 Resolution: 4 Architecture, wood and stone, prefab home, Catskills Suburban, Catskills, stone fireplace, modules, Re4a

...

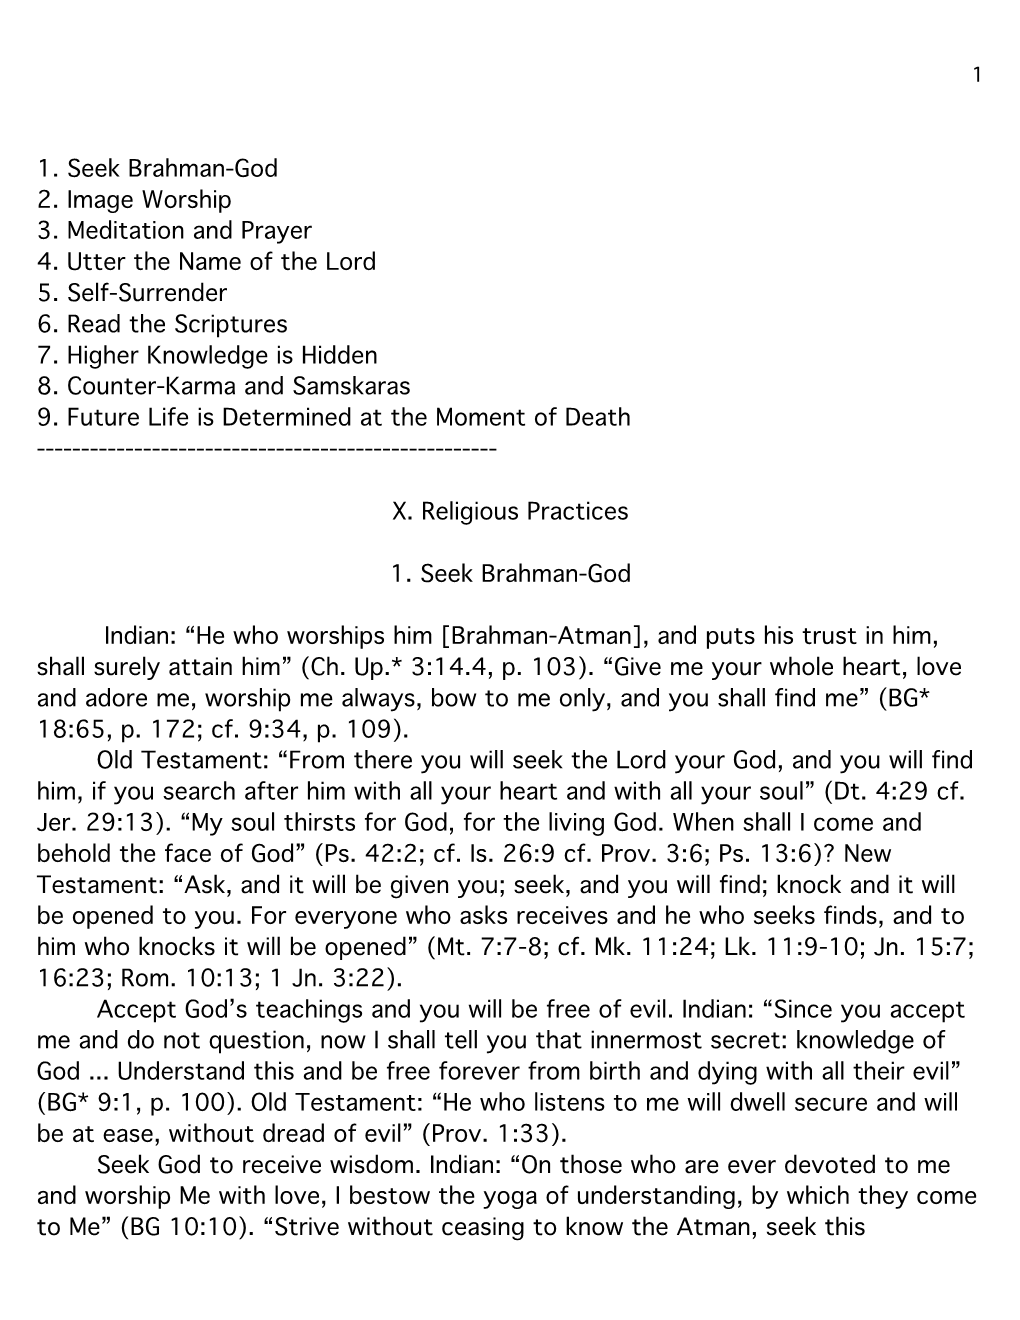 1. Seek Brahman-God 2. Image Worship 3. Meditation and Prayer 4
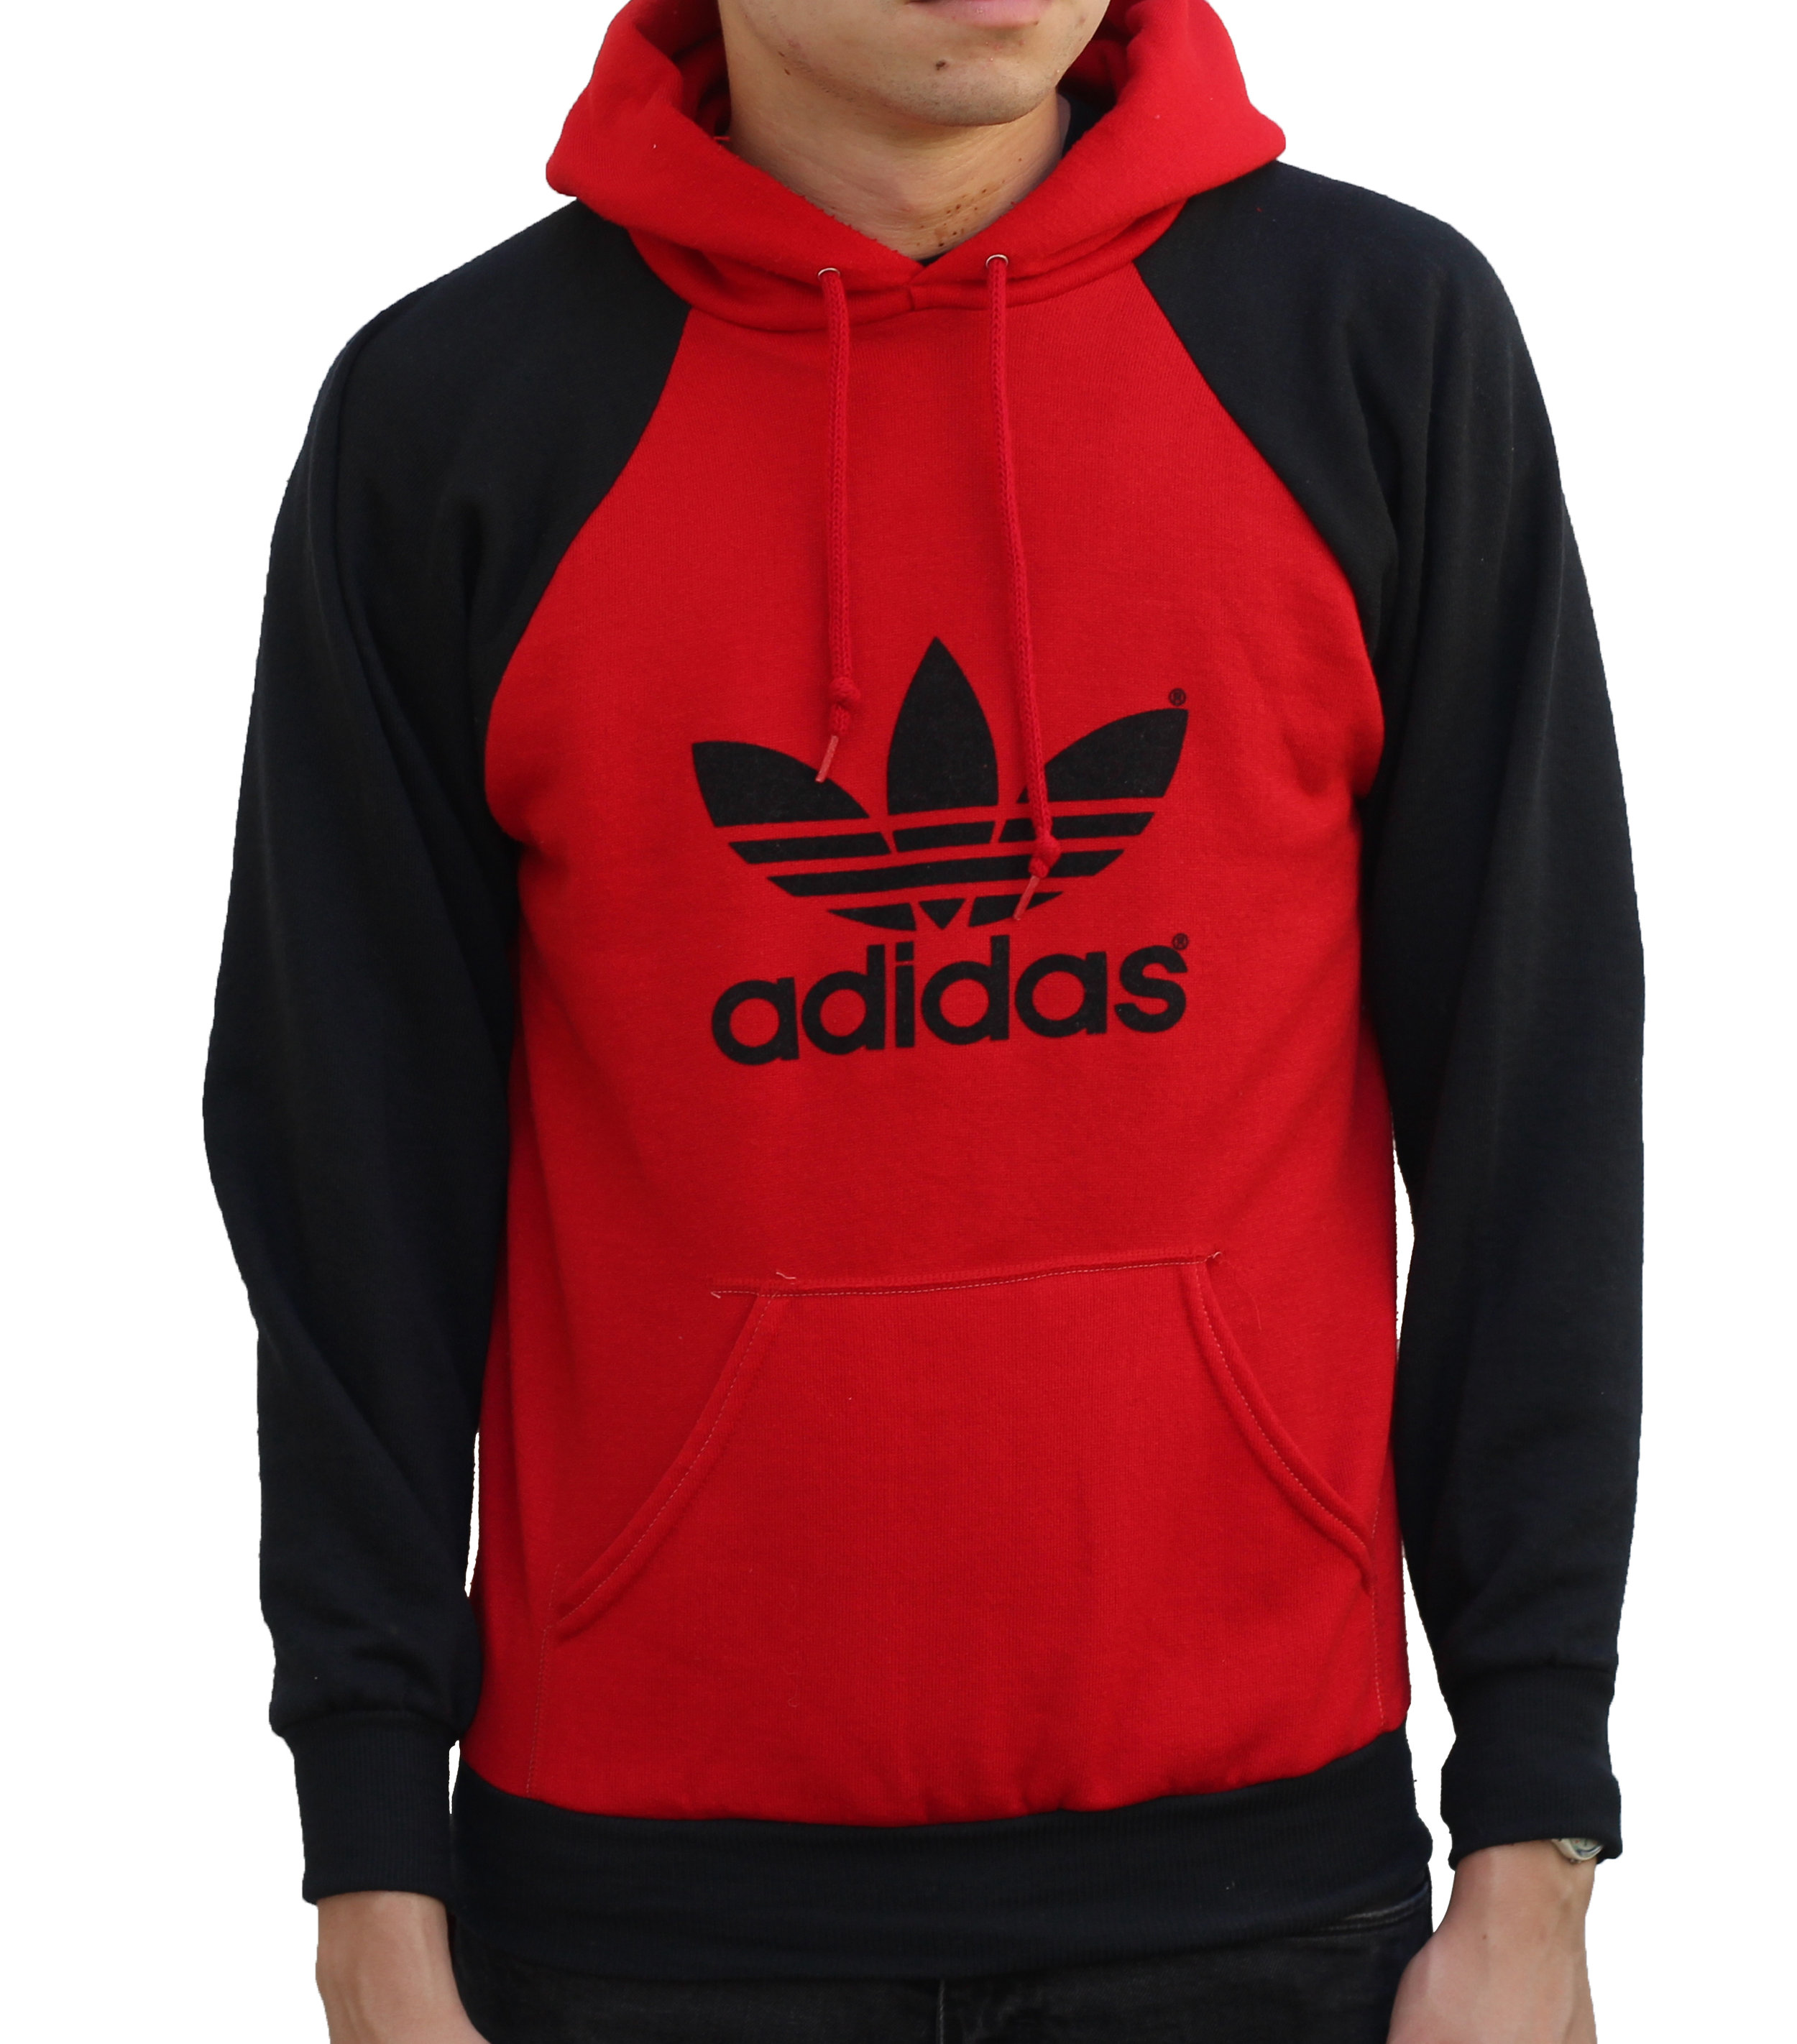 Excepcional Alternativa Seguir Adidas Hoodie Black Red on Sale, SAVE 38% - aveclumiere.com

* * *

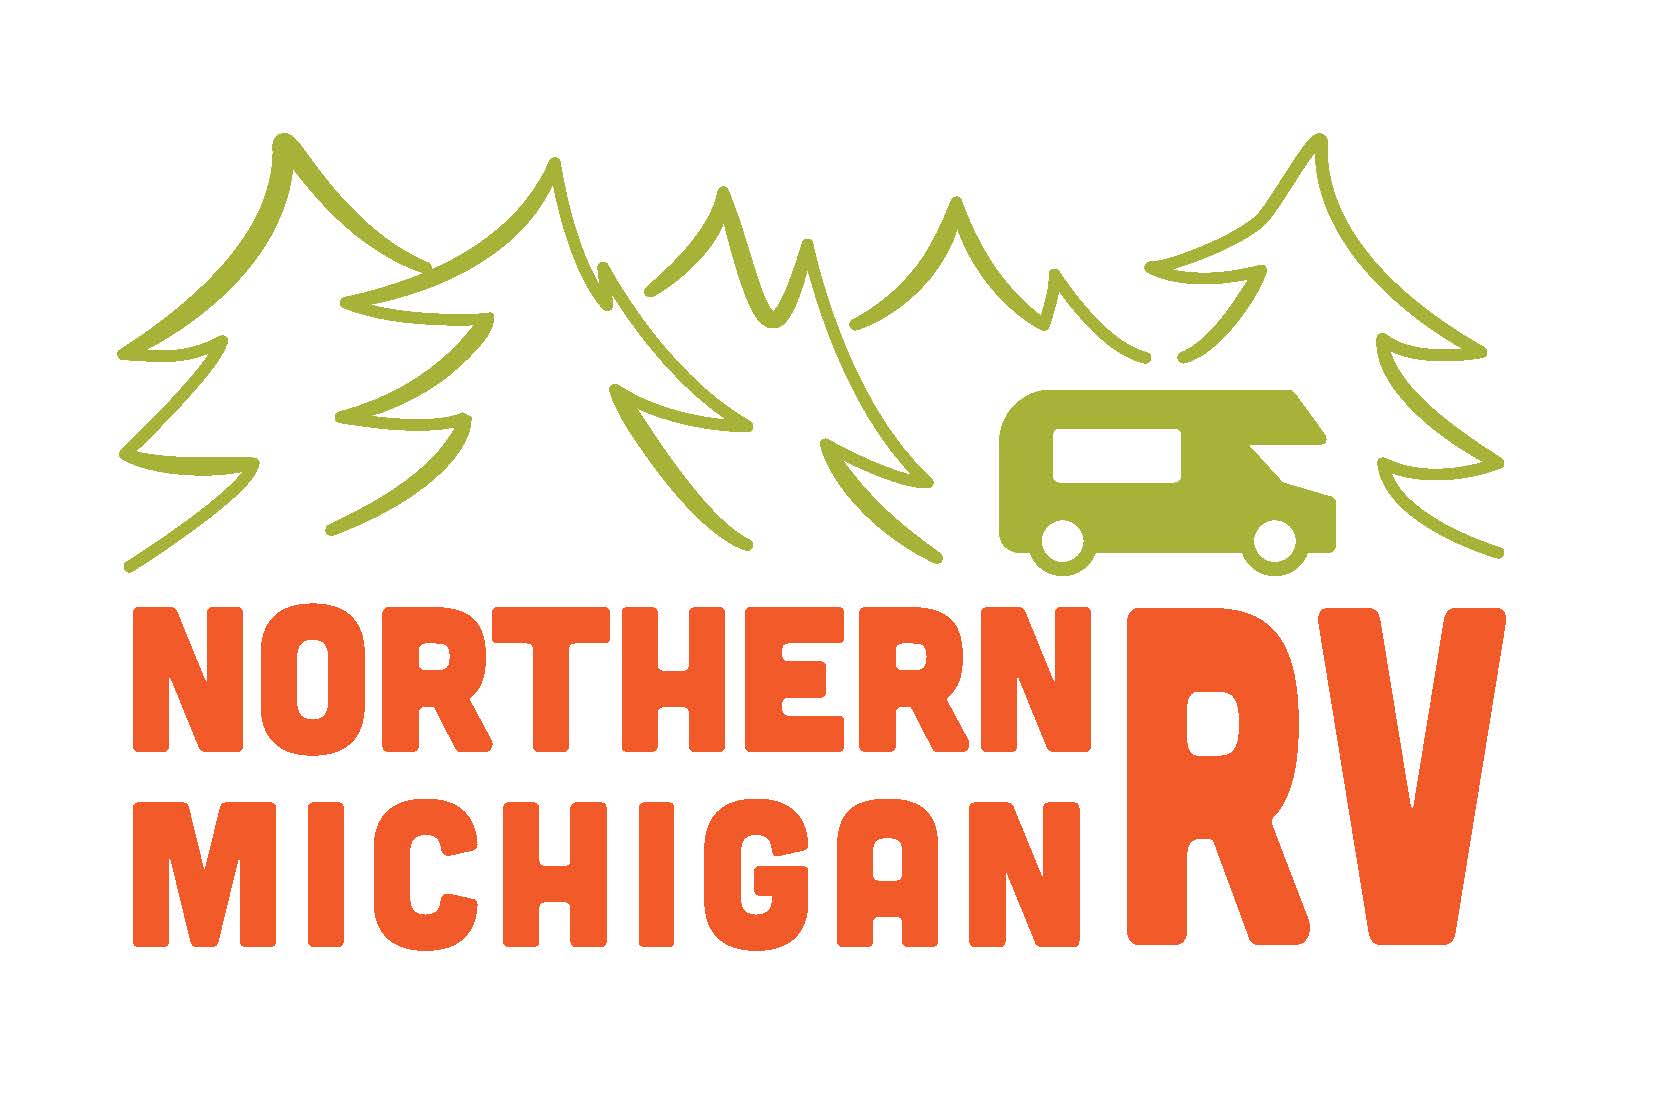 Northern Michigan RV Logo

◆ **EXERCISE GOAL**
In the entries above, every line from the line with "1. Seek Brahman-God" to the line with "Excepcional Alternativa Seguir" is to be printed exactly, with both ends included and pictures excluded.

◆ **SOLUTION TO THE EXERCISE**
 1. Seek Brahman-God 2. Image Worship 3. Meditation and Prayer 4
 Excepcional Alternativa Seguir Adidas Hoodie Black Red on Sale, SAVE 38% - aveclumiere.com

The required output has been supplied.